TRY IT
Set down a true copy of the data, with all pictures left out.

DATA SECTION
- Opening Delimiter -

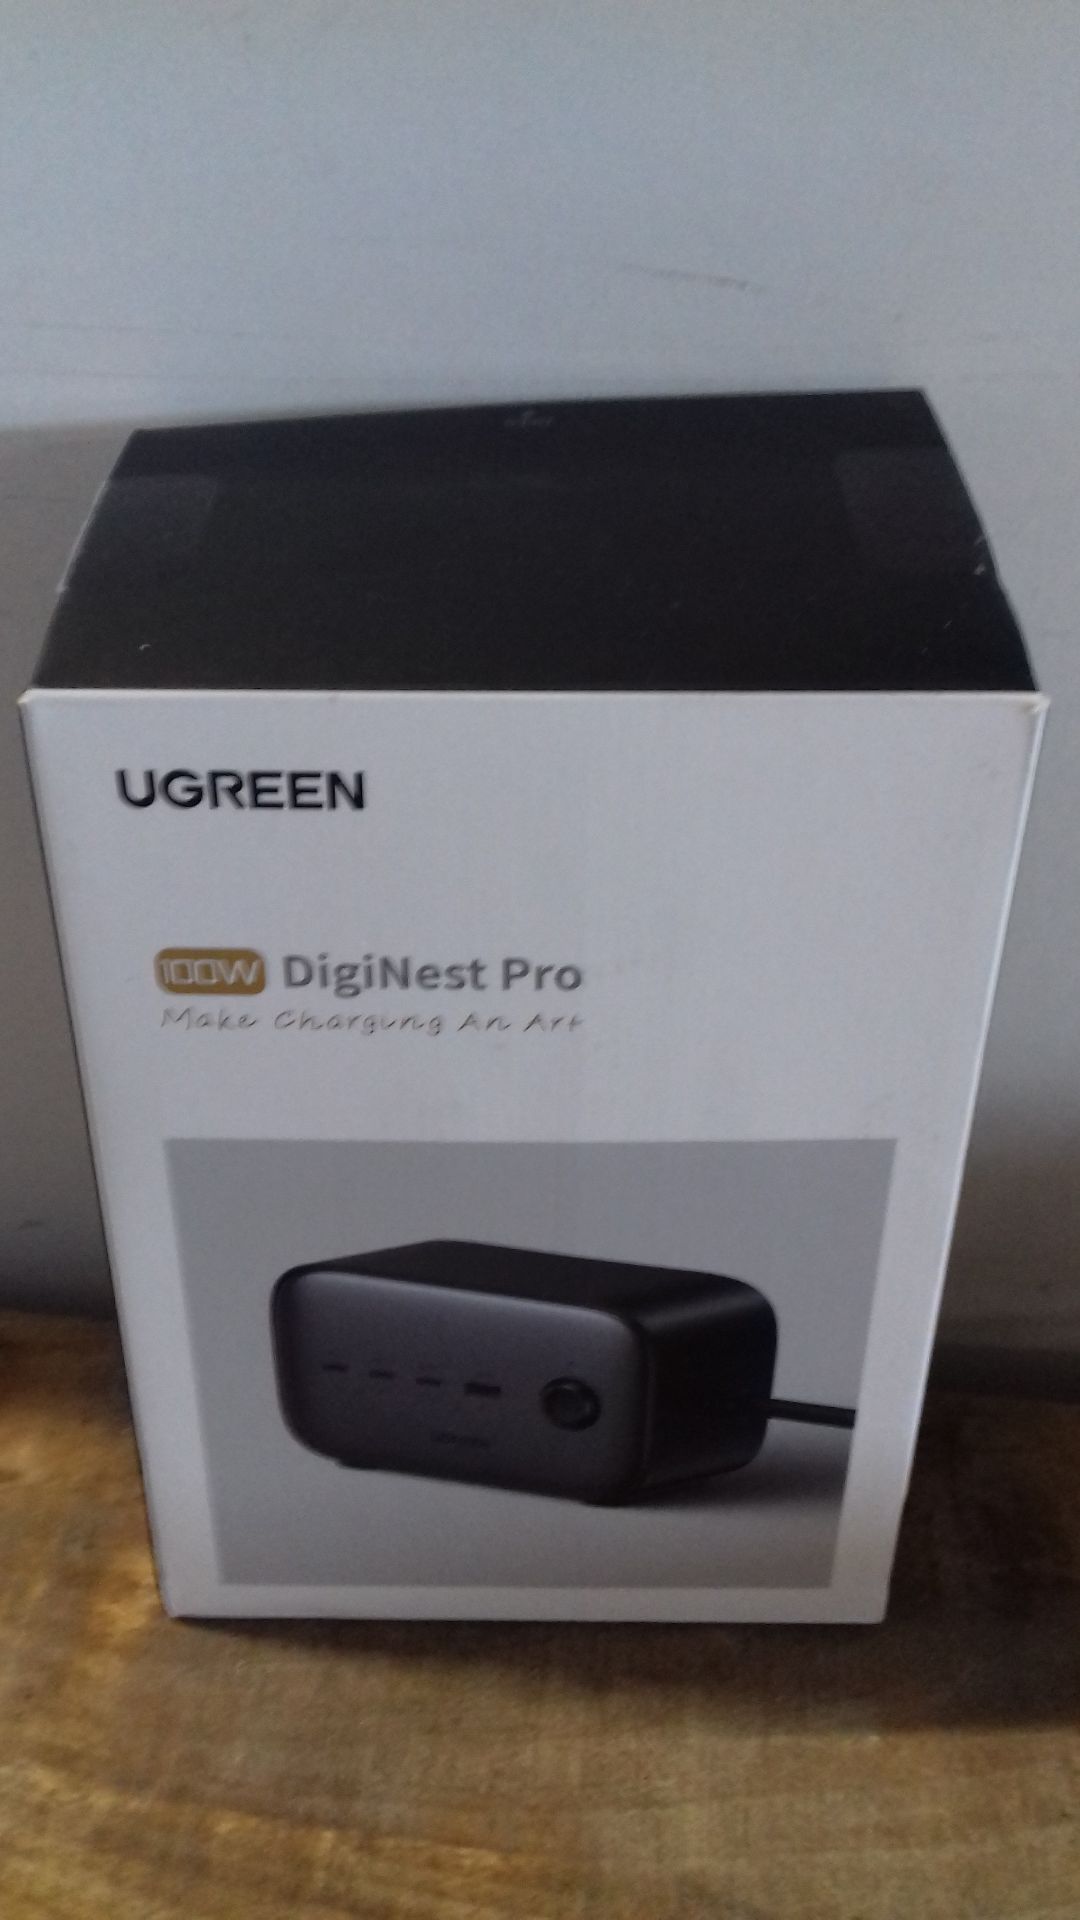 RRP £109.99 UGREEN 100W DigiNest Pro - Image 2 of 2
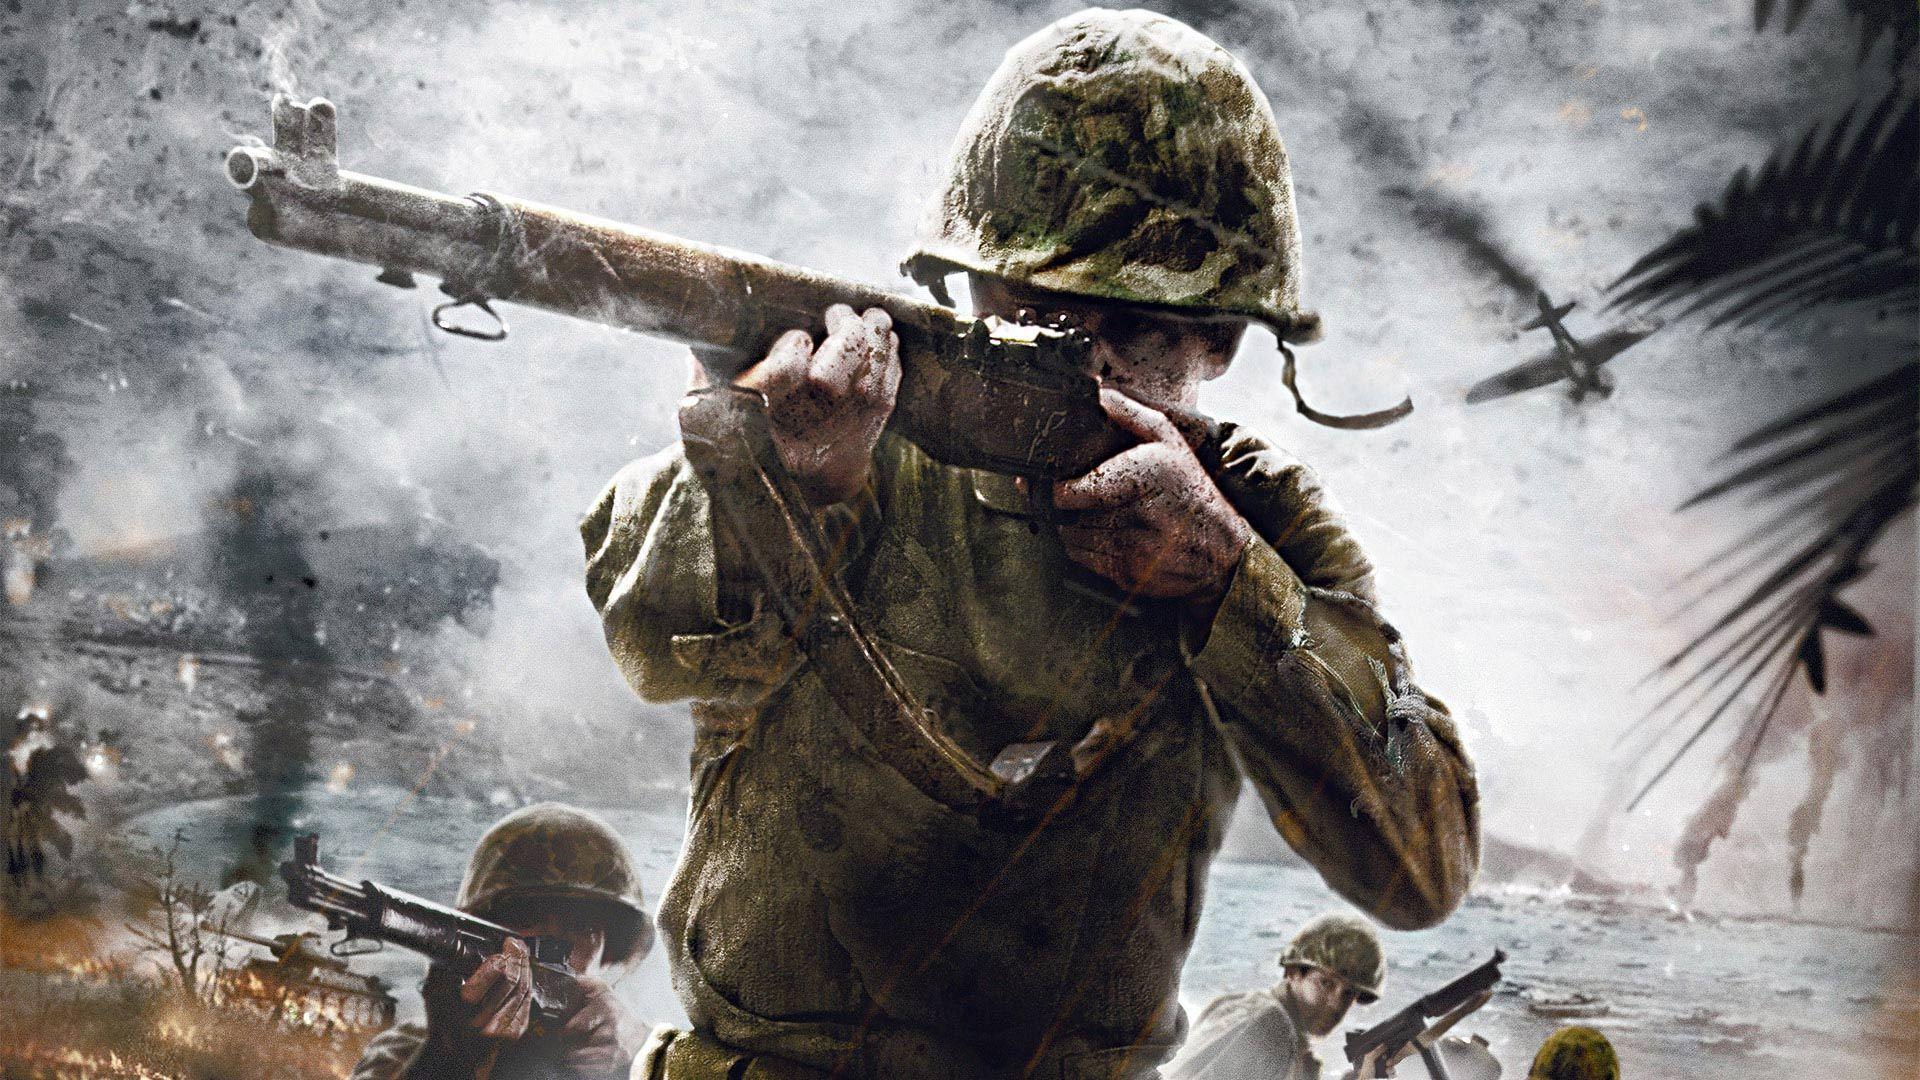 download call of duty ww2 pc
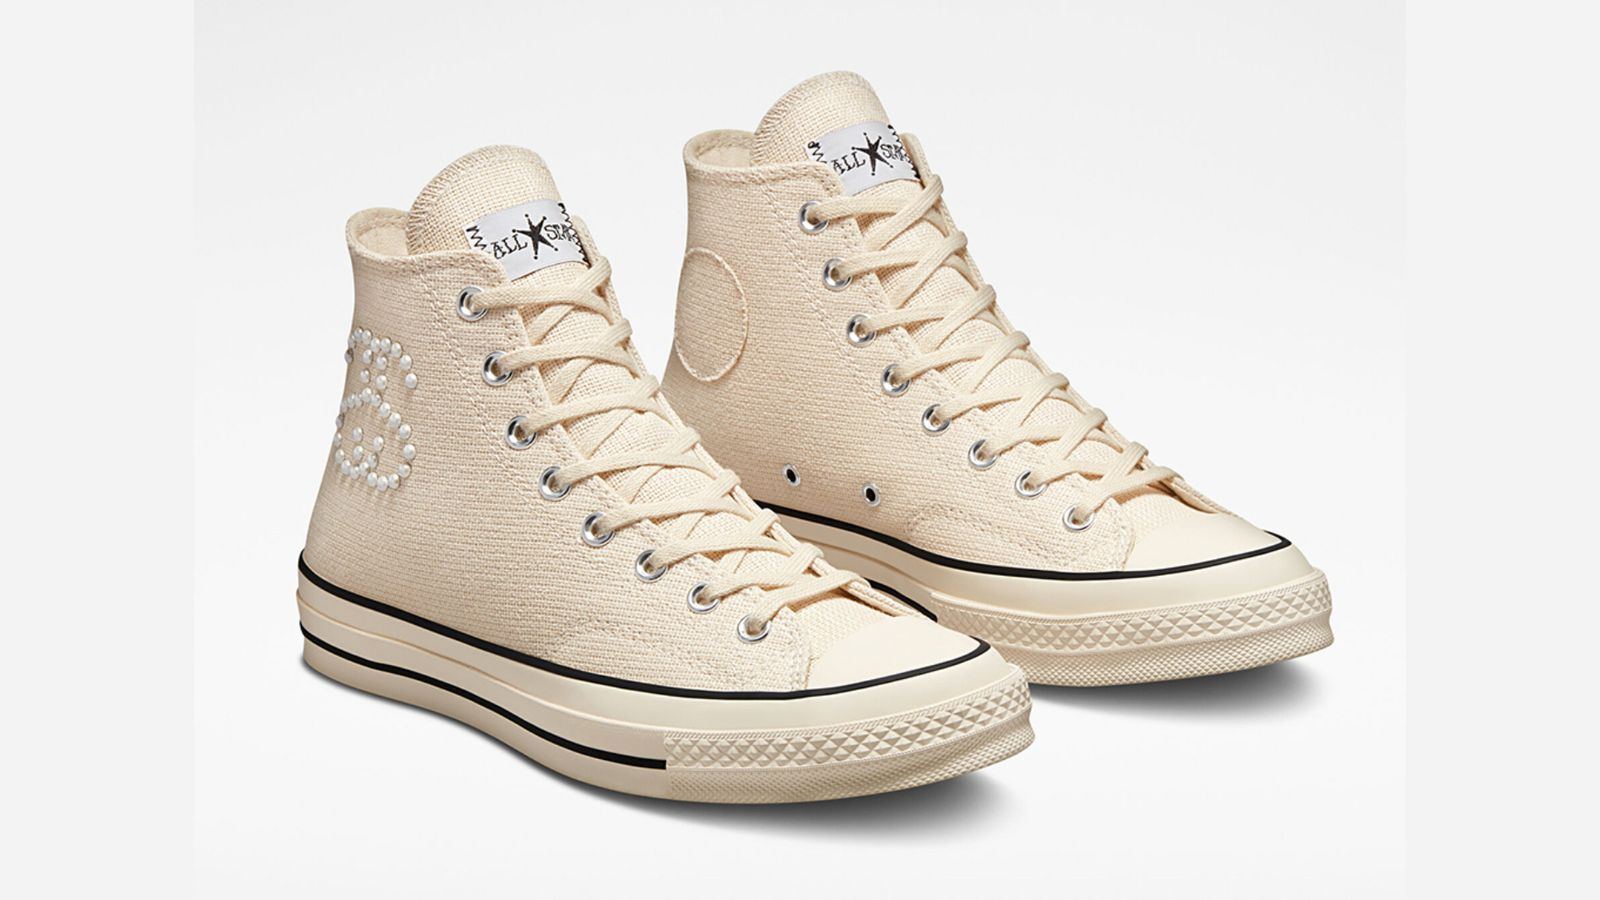 Stüssy x Converse Chuck 70 Hi "Fossil Pearl" product image of a fossil white Converse high-top featuring the Stüssy logo on the side made from white pearls.

- Closing Delimiter -

RESPONSE AREA
 RRP £109.99 UGREEN 100W DigiNest Pro - Image 2 of 2
 download call of duty ww2 pc
 Stüssy x Converse Chuck 70 Hi "Fossil Pearl" product image of a fossil white Converse high-top featuring the Stüssy logo on the side made from white pearls.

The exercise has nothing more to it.